I want to add some gypsum but I haven't found anyone that carries it here.

I plan on watering with ewc/molasses, aloe vera and and seed sprout teas as needed.

all comments are appreciated
Thank you
Did you give any cal mag during your watering program? I see you used Oyster flour. But It seems like a calcium deficiency.
 

Kozmo

Active member
Veteran
Just say no to cal mag. Use a 1/4 cup per gal. Of kelp for a ACT.

How come no one ever has worms in there super soil?
 

Microbeman

The Logical Gardener
ICMag Donor
Veteran
nice tank. interesting information, If I need to specifically brew fungal teas I can go with airstones and simply nix the filter?

I don't need most effective, I need gets the job done.

Yup, that's why I have info about using what one has.
 

Microbeman

The Logical Gardener
ICMag Donor
Veteran
Wiz; It is often difficult to diagnose a problem just with photos. The symptoms showing could be a particular nutrient overload or a fungal pathogen. I got a similar symptom from using a mix infected with rust (Pucciniales).

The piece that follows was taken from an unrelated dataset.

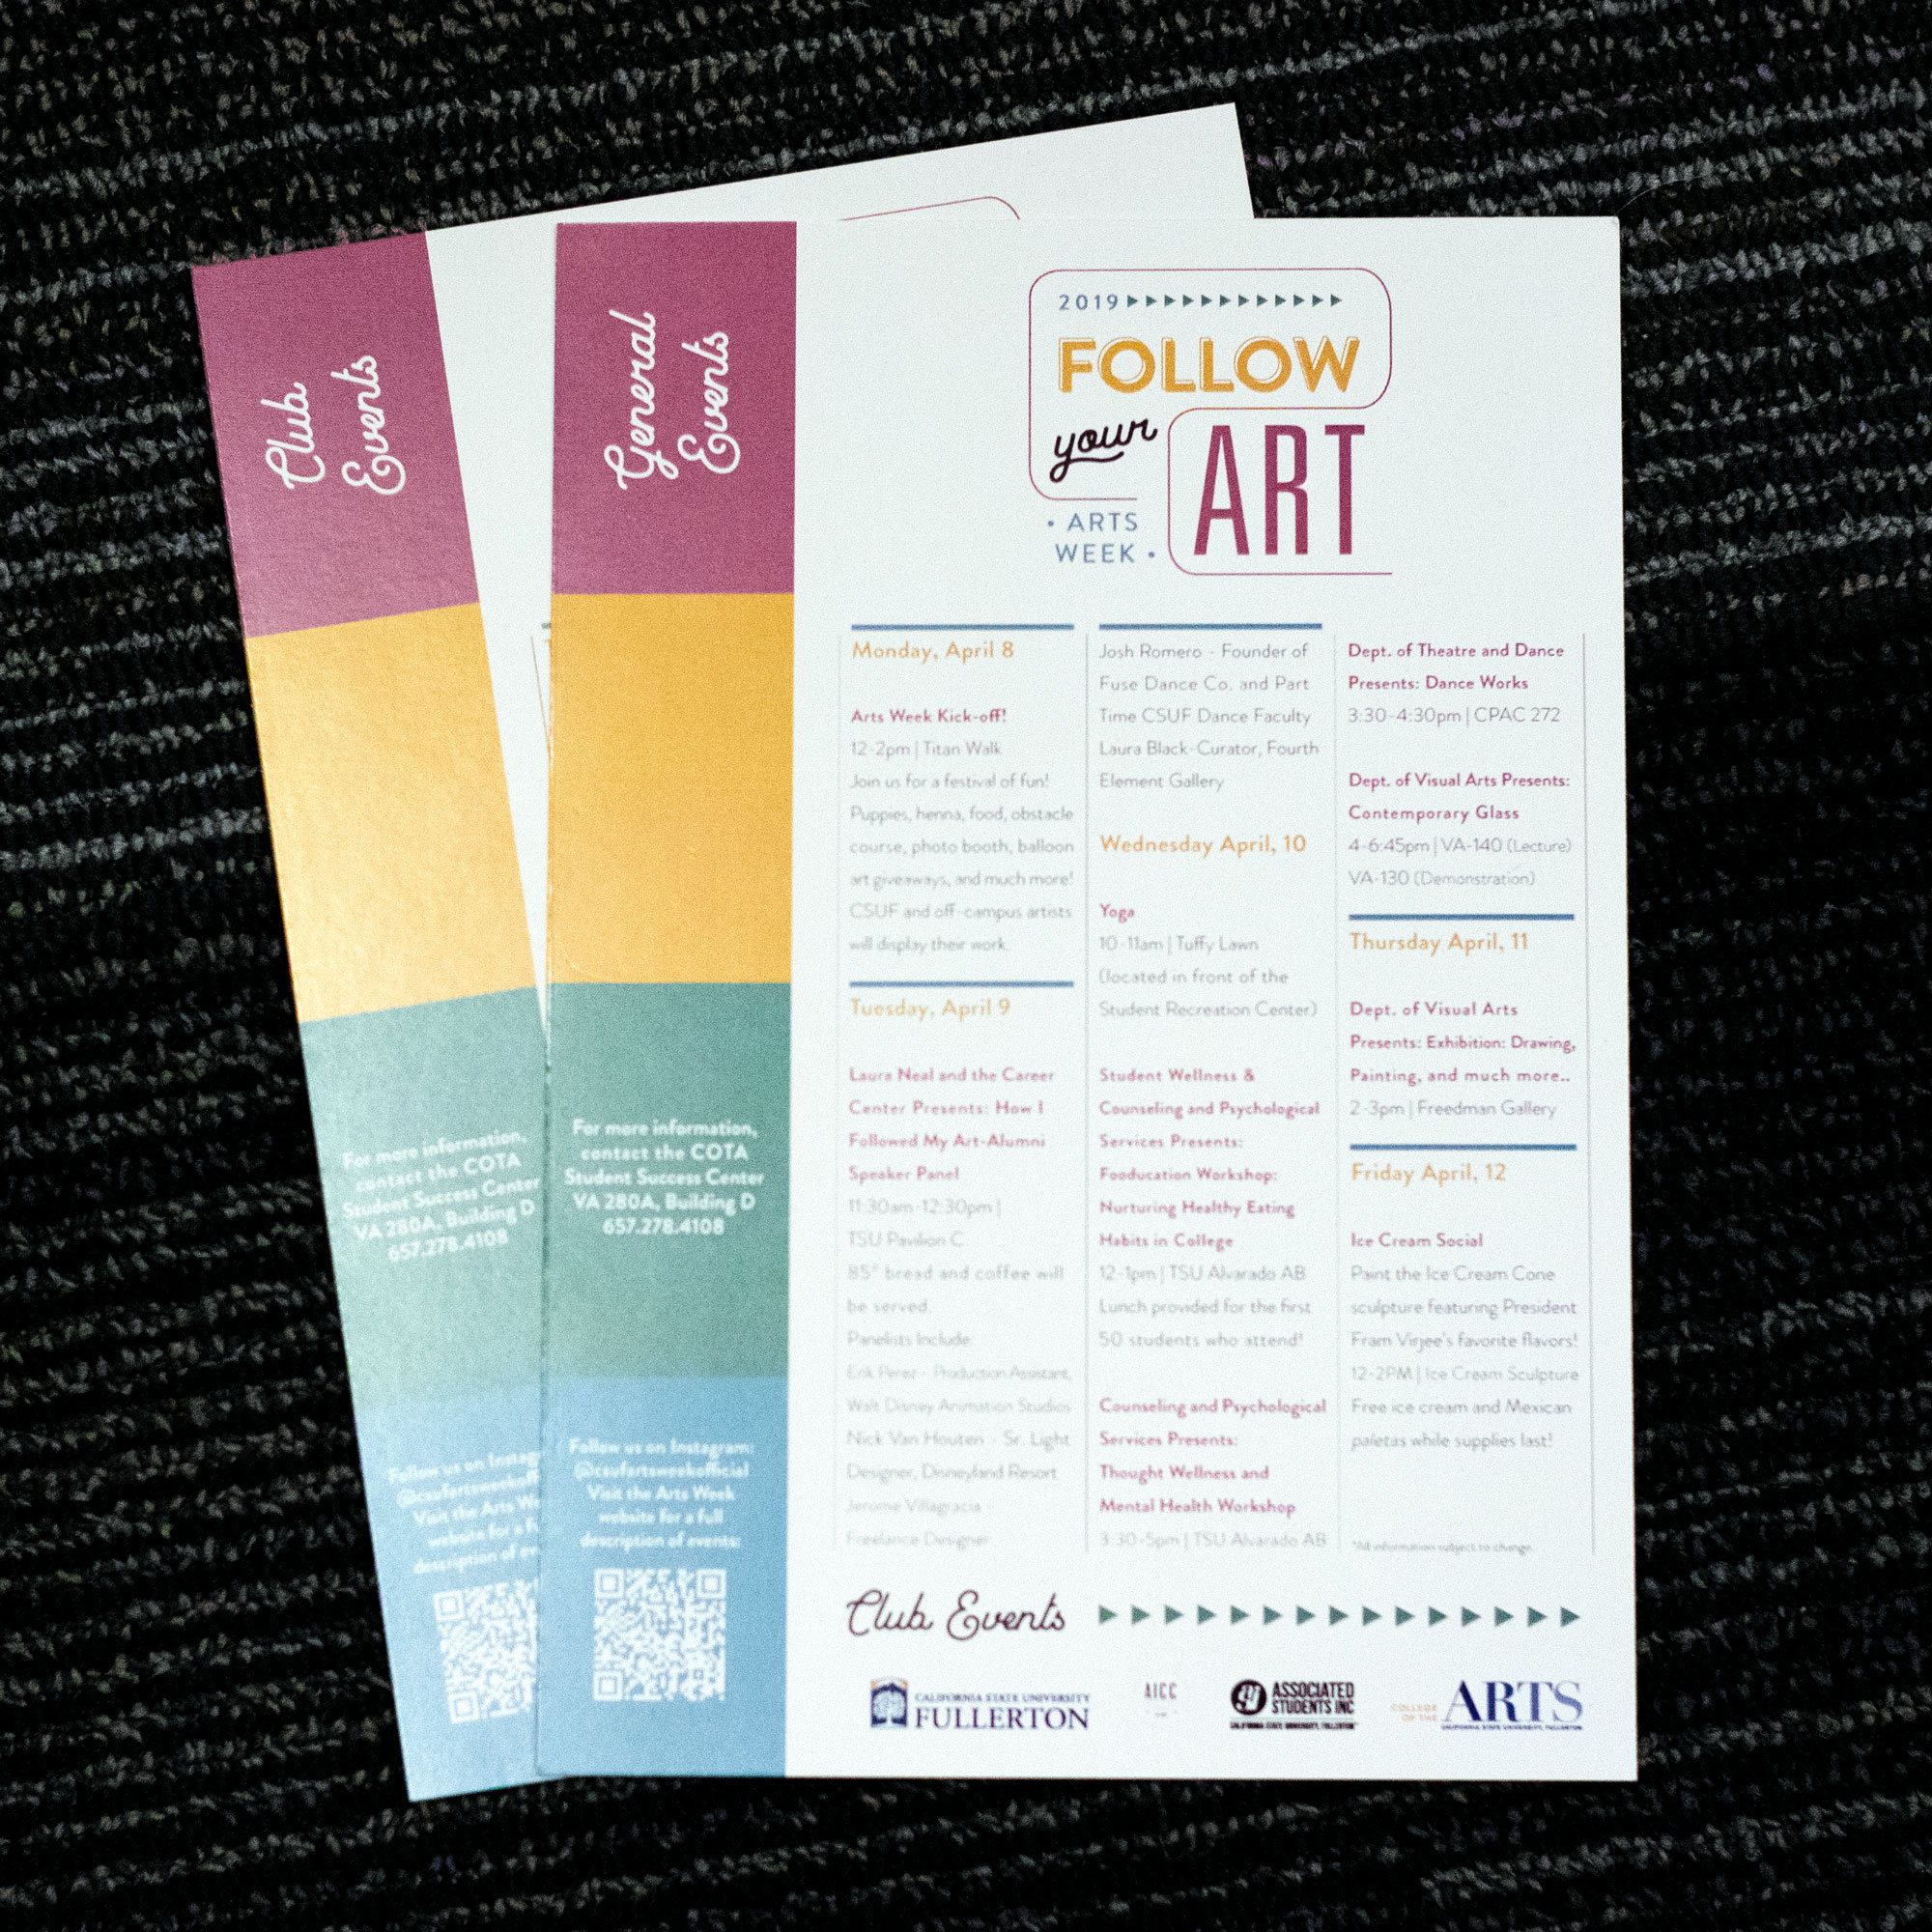 Two sided Arts Week 2019 flyers with one side showing the general events and the other side shows club events.

http://www.invasive.org/browse/tax.cfm?order=774

Just looking at it from a gardener's perspective I doubt you have the proverbial cal:mag upset considering the EWC and oyster flour used.

I agree that applying only water is a good idea. If it is a fungal infection, you can just ride it out at this point.

You could always treat just one plant as others suggest to observe any change.